Here’s Thomas Ferguson, he of the “investment theory of party competition,” to say yes. In a piece at the Institute for New Economic Thinking called “No Bargain: Big Money and the Debt Ceiling Deal,” Ferguson and his co-authors ask, “What is the real reason Democratic party leaders go along with the debt ceiling ritual?”


Their answer is painful, but obvious unless you think Party leaders are children or fools. The authors repeat an exculpating question posed by Paul Krugman:

“More and more it looks as if there never was a strategy beyond wishful thinking. I hope that I’m wrong about this…But right now I have a sick feeling about all of this. What were they thinking? How can they have been caught so off-guard by something that everyone who’s paying attention saw coming?” (emphasis added)

They answer him this way:

The White House was not caught off guard. Like climate disaster, the crypto meltdowns, and the tremors now coursing through the American financial system, the high noon showdown between Republicans and Democrats over the debt ceiling was pre-programmed from the start. The reason is simple: The dominating fact about American politics is its money-driven character. In our world, both major political parties are first of all bank accounts, which have to be filled for anything to happen.

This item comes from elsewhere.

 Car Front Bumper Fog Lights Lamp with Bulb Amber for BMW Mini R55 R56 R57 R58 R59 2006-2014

Which leads to this conclusion:

[T]he President is running for a second term. His fundraisers openly declare that the campaign intends to raise more than a billion dollars. In recent presidential elections, contributions from labor union amount to about 6 or 7% of total political spending. Money in the amounts the Biden campaign seeks can come only from one place: from the superrich and very affluent Americans. And in a Congress so dependent on money flows, relatively few representatives in either party are likely to do much more than posture when it comes to raising taxes.

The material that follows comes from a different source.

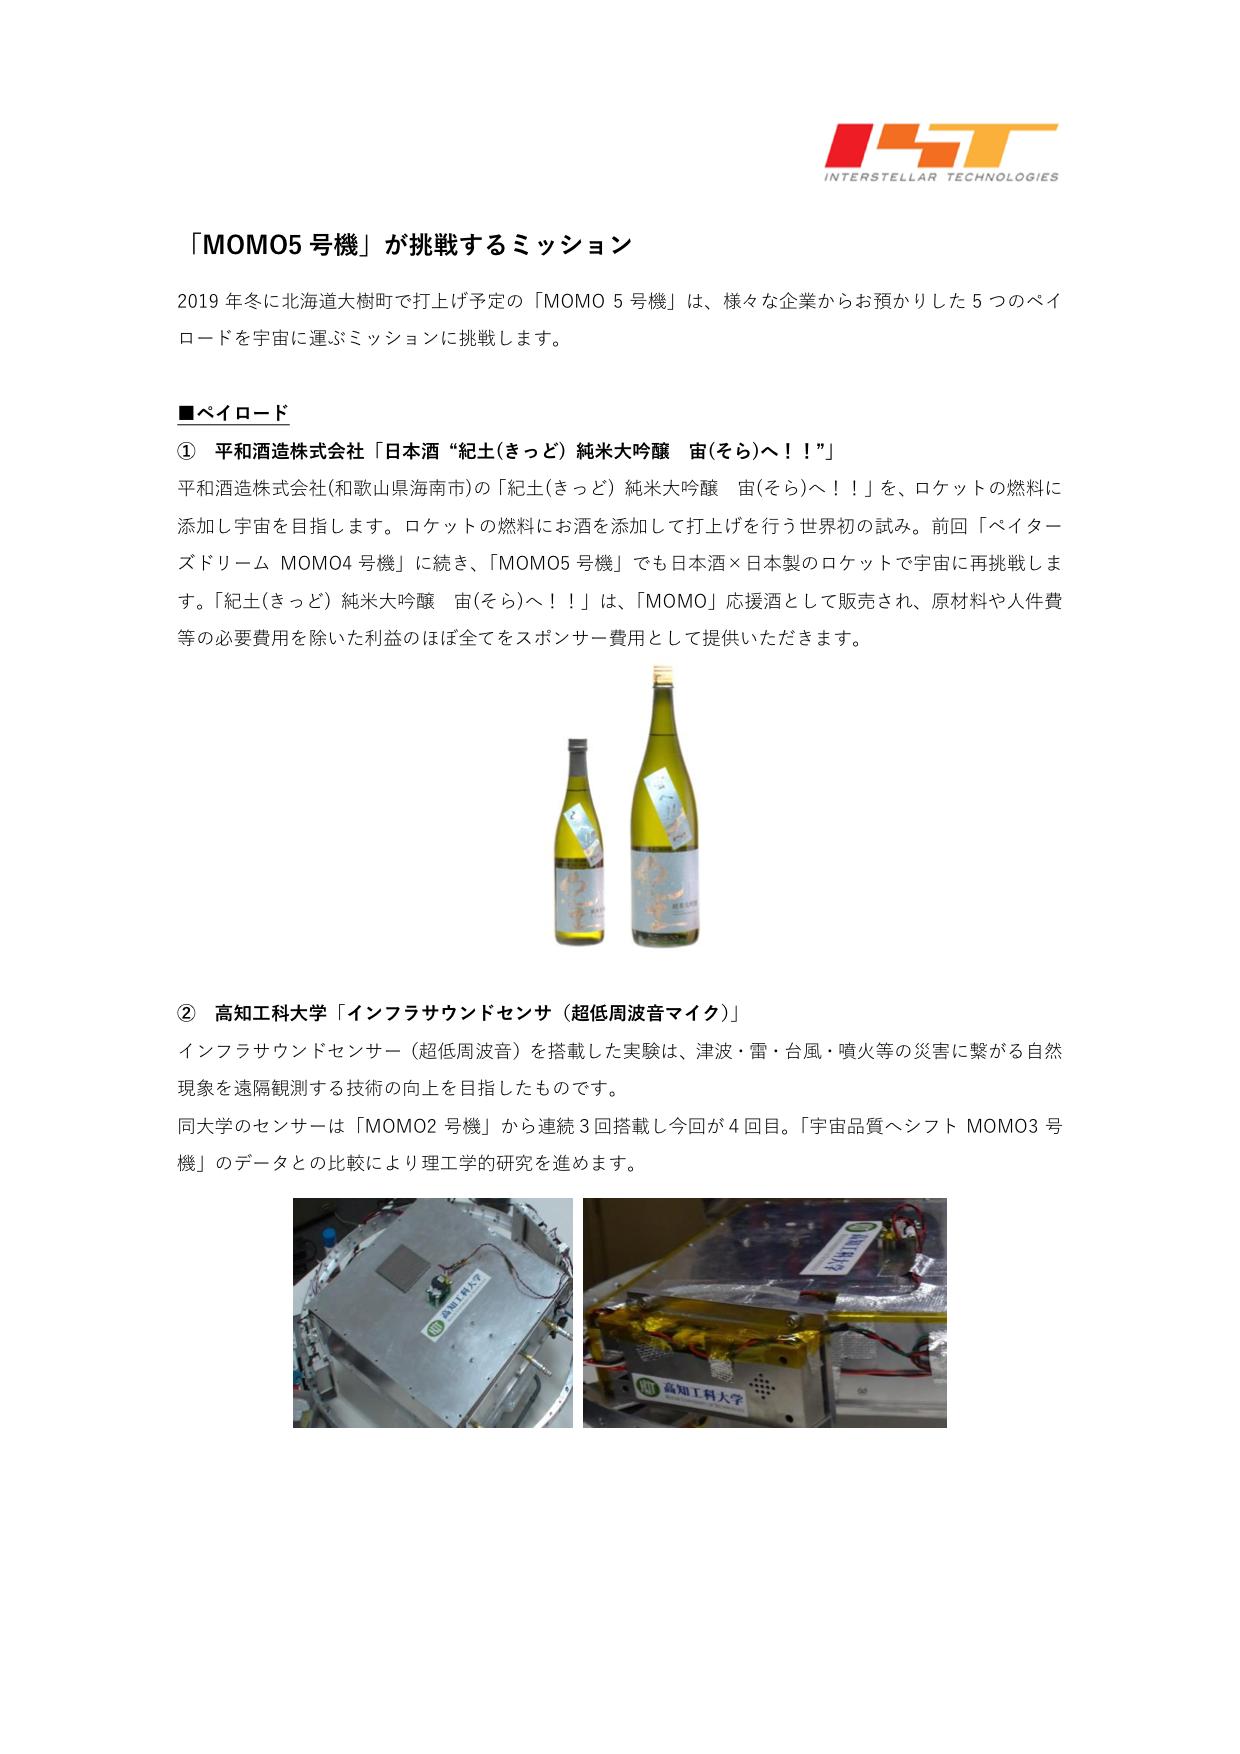 f:id:Imamura:20191126135418p:plain

And the kicker, or punch to the face if you will:

For Democrats in particular, the advantages of first actually passing programs, then standing back and reluctantly sustaining votes to take them back are a dream come true for squaring big money politics with folk appeal. That is the real reason Democratic party leaders go along with the debt ceiling ritual. (emphasis added)

In other words, they’re not children; nor are they fools. They do it because they want to. It’s disrespectful to think otherwise.


I said above this was “Republican blackmail.” In fact, it’s donor class blackmail, they who always want more for themselves and less for everyone else. They who win when we lose. They whose control of government far exceeds ours.



That’s the painful truth of our political world. And unlike the messages sent by their in-house media (looking at you, MSNBC), our leaders seem happy to risk handing power to Republicans, so long as it pleases their donors.


Yes, Republicans mean to do horrible things. Why won’t “our” Democrats stop them? The answer’s above.


The solution? If the Democratic Party can’t be disrupted or changed, I don’t think much else can. We should start with a primary, soon.